What does the script do?

The outer loop (labelled TEXT) reads lines into $_ until EOF.

The loop labelled NOTES processes the material after a paragraph up to the start of the next one. It knows that it is a footnote line because it starts with a number in square brackets (possibly indented with spaces, and definitely with a space after the close square bracket). When it finds such a line, the number is saved in $tag and the replacement text (must be a single line — no extended multiline footnotes here) is saved in $note. Then the first occurrence of the tag inside square brackets in the saved paragraph is replaced with the footnote notation and the text of the note (this is the part that is nigh-on impossible in a single run of sed, and given that the footnote numbers repeat across paragraphs, makes even two runs of sed problematic). Having done that substitution (not caring if there is no match to replace), it reads the next line, and this is where the loops (and the head) start whirling. If the newly read line is a note line, then the initial last exits the innermost while and returns to the next iteration of the NOTES loop. If the line does not match a blank line, then we must have just read the first line of the next paragraph, so print the previous paragraph (which now has as many substitutions made as there are substitutions to make), empty the saved paragraph, and exit the NOTES loop. Otherwise, ignore the blank line in the middle of the notes.

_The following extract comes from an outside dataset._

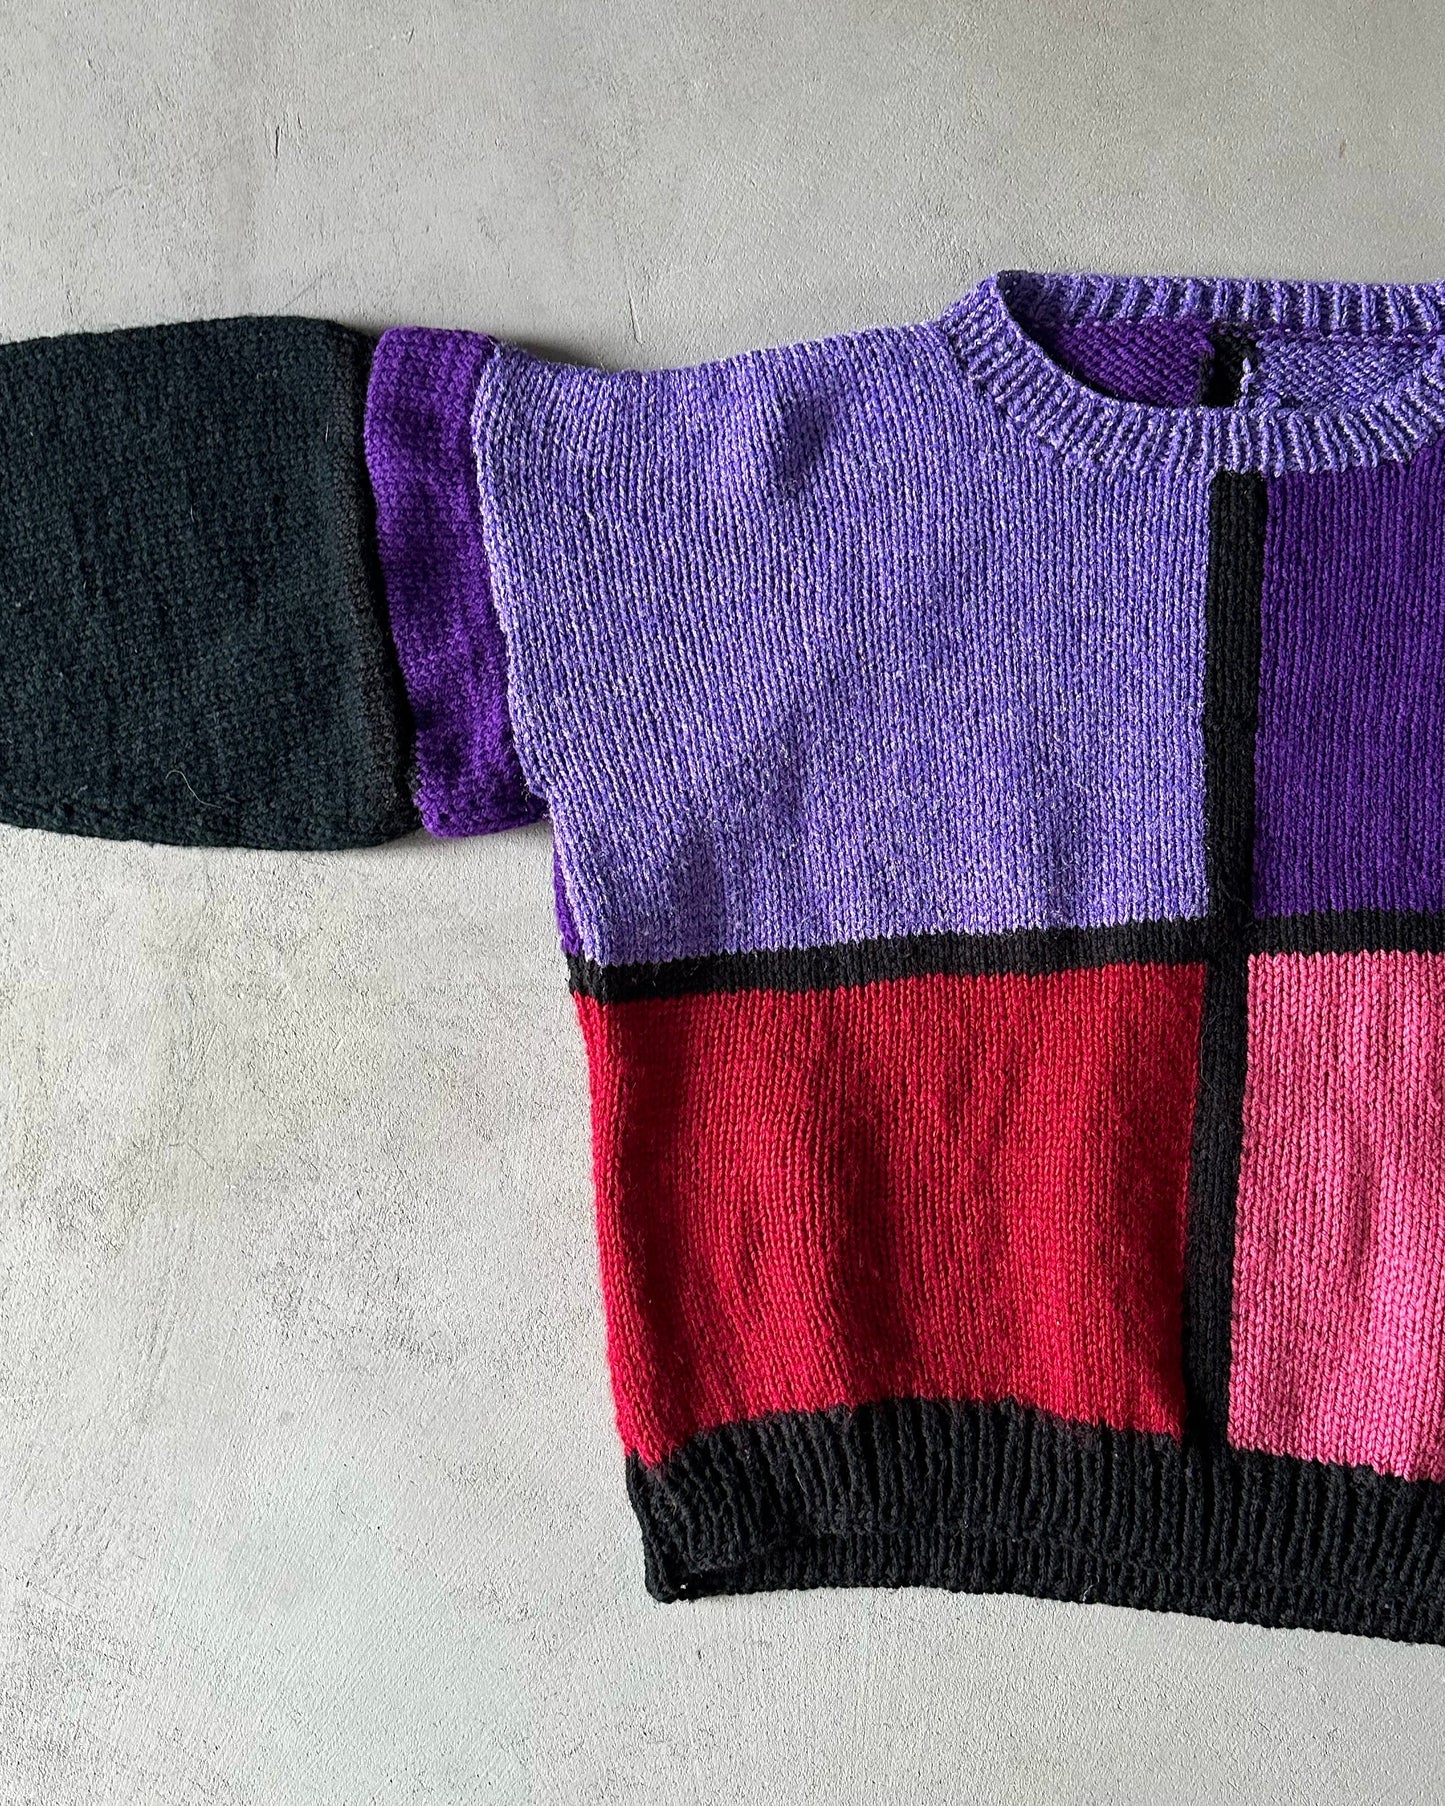 1980s - Black/Purple "Square" Wool Sweater - (W)M-L

After the loop, check whether we got EOF and exit the main loop if we did. Otherwise, add the paragraph line that was just read to the saved paragraph.

At the end, print the last saved paragraph.

This has not been exhaustively tested. I've not generated paragraphs with references to missing notes, or notes without references, or notes out of sequence. I think it would 'handle' those by ignoring the issues; there'd still be a reference to the missing note, and unreferenced notes would simply not show up in the output. If the same note number reference appears twice in a paragraph but there's only one note number after the paragraph, the second and subsequent ones are ignored. If the same note number appears twice ('text[1] more[1]') and the notes after the paragraph repeat the number ('[1] note 1A', '[1] note 1B'), then the first will be replaced with 'note 1A' and the second with 'note 1B'. I've not tested multiline paragraphs (but I don't expect trouble). Multiline qualifiers aren't needed for the replacement regex because the reference to a tag cannot be split over lines and isn't anchored on a line.

Processing multiline footnotes is an exercise for the reader (and is not entirely trivial). All else apart, you can't begin substituting a multiline footnote until you find a blank line, another footnote line, or the start of the next paragraph.